The Srours work opposite shifts at the factory, where wind-stripped barns and lowing cattle surround the mile-and-a-half-long stretch of smokestacks and low-slung warehouses. Mike, a 32-year veteran, earns $29.40 an hour coordinating a team that does the final assembly of full-sized pickups. Ghada, who has worked for GM for three years, draws about $26 an hour attaching trim inside the trucks.

Normally, the Srours used the furlough time as a once-a-year chance to spend extended time together: During the work week, Mike returns home as Ghada leaves for the plant. They talked about taking a furlough road trip with Hadi and their daughter, Mary, 9.

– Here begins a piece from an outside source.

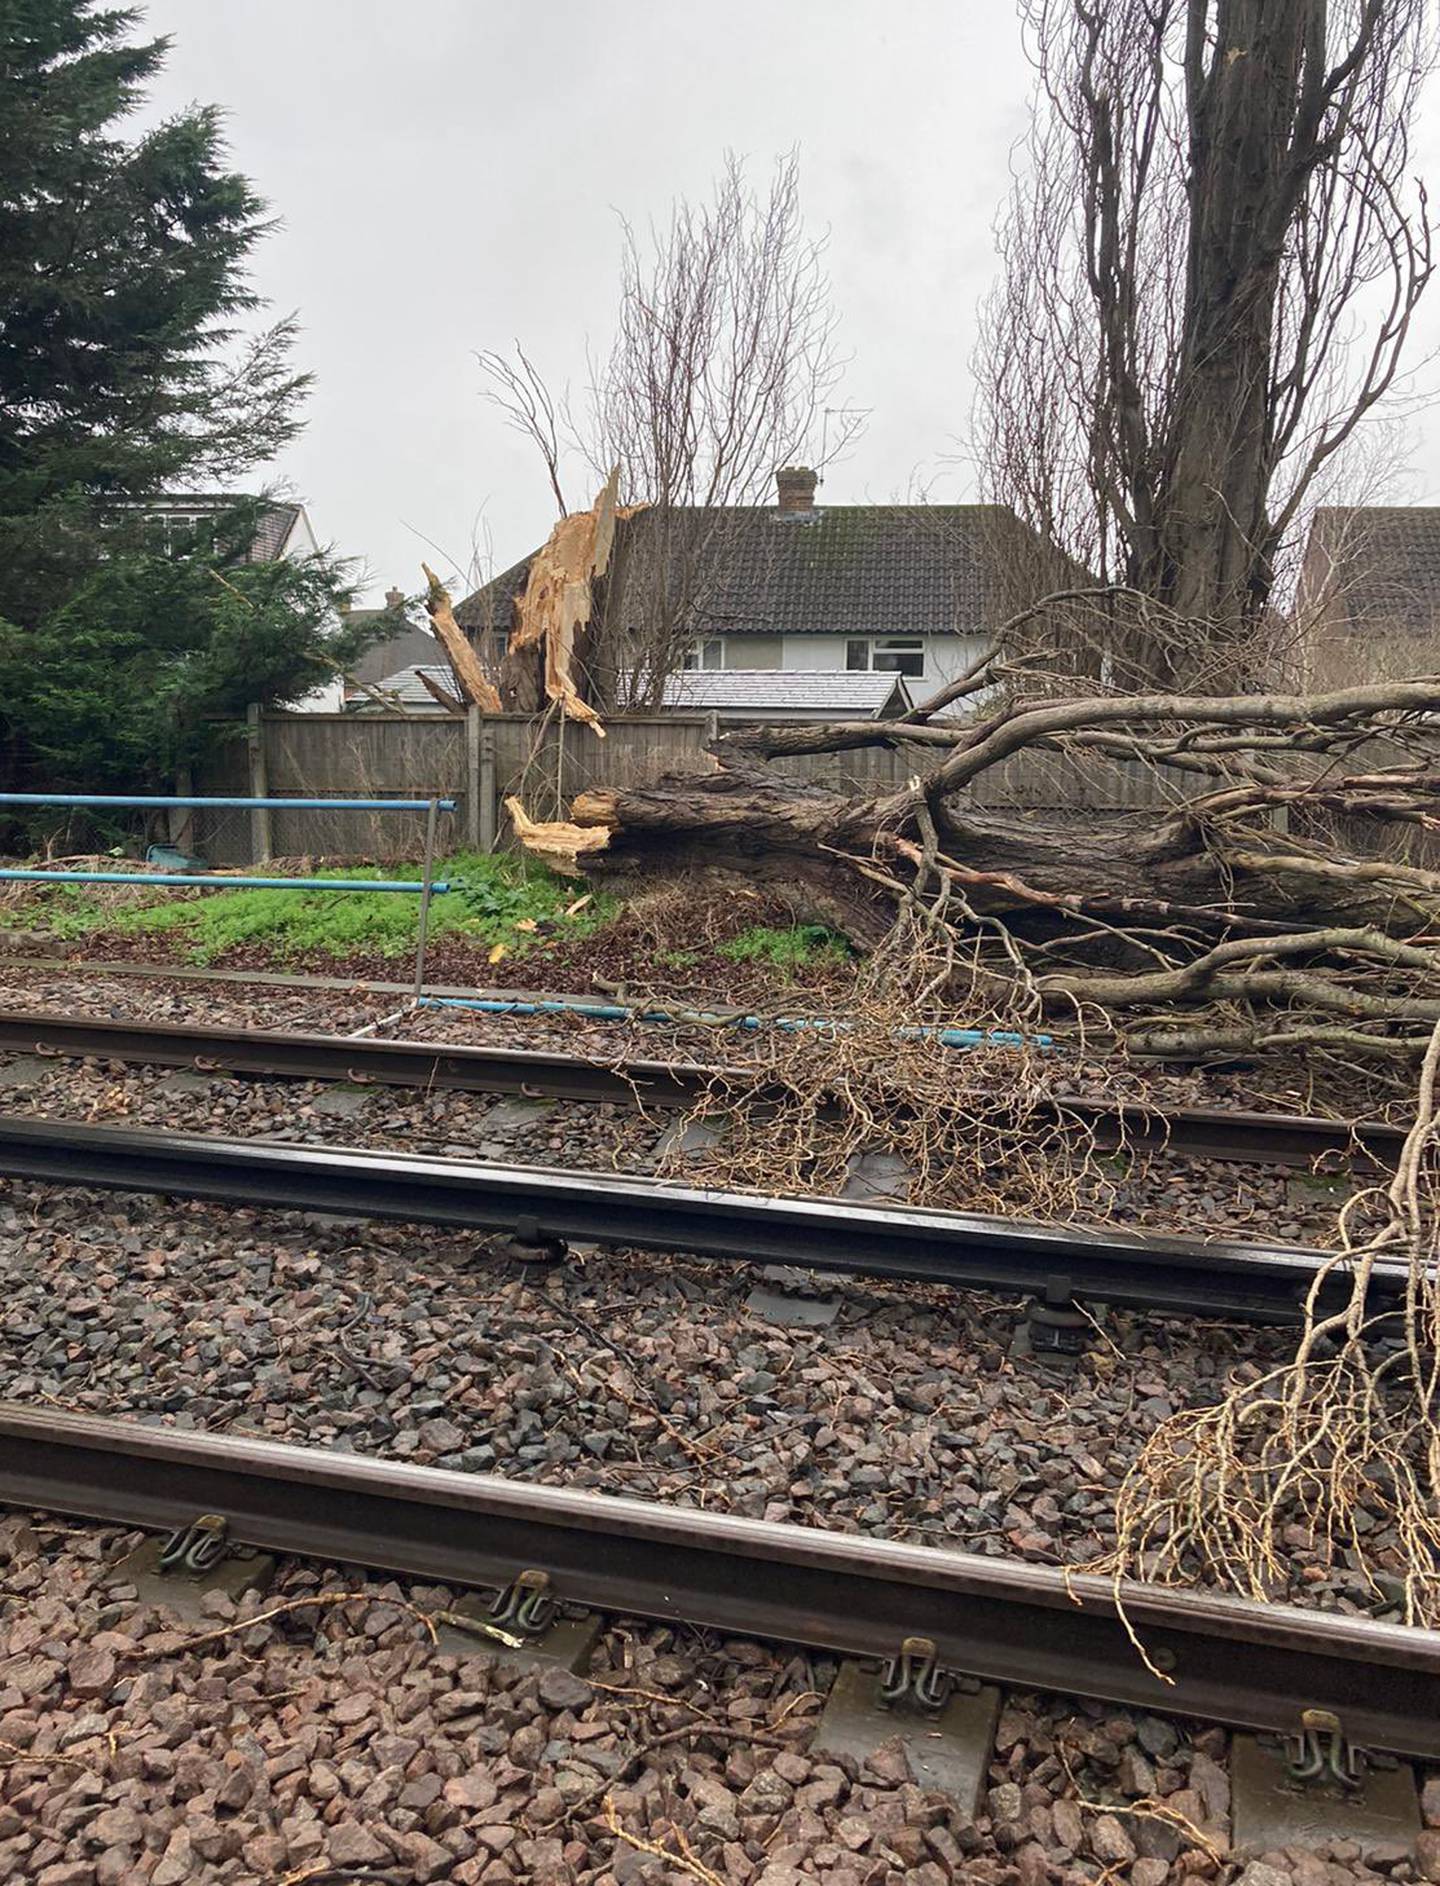 Felled trees like this one near Epsom in Surrey are disrupting rail services across the UK. Network Rail

They have hiked in Yosemite, wandered across Arizona’s deserts and swung through Montana to see where Custer made his last stand. Hadi pleaded for them to go to Niagara Falls this time.

Now, the road trip is out. So are presents for Mike’s birthday in June.

Another GM worker, Robert Blackburn, who earns $14 an hour cleaning out the assembly line pits, said he started wondering last Christmas whether the annual furlough might be longer than normal this year. Rumor on the factory floor was that the public wasn’t buying the trucks as fast as they were making them.

He started keeping an eye out for discounts at the grocery store and stacking canned vegetables and fruit in his pantry. When it was full, he stuffed a broom closet with boxes of rice he bought four-for-$1.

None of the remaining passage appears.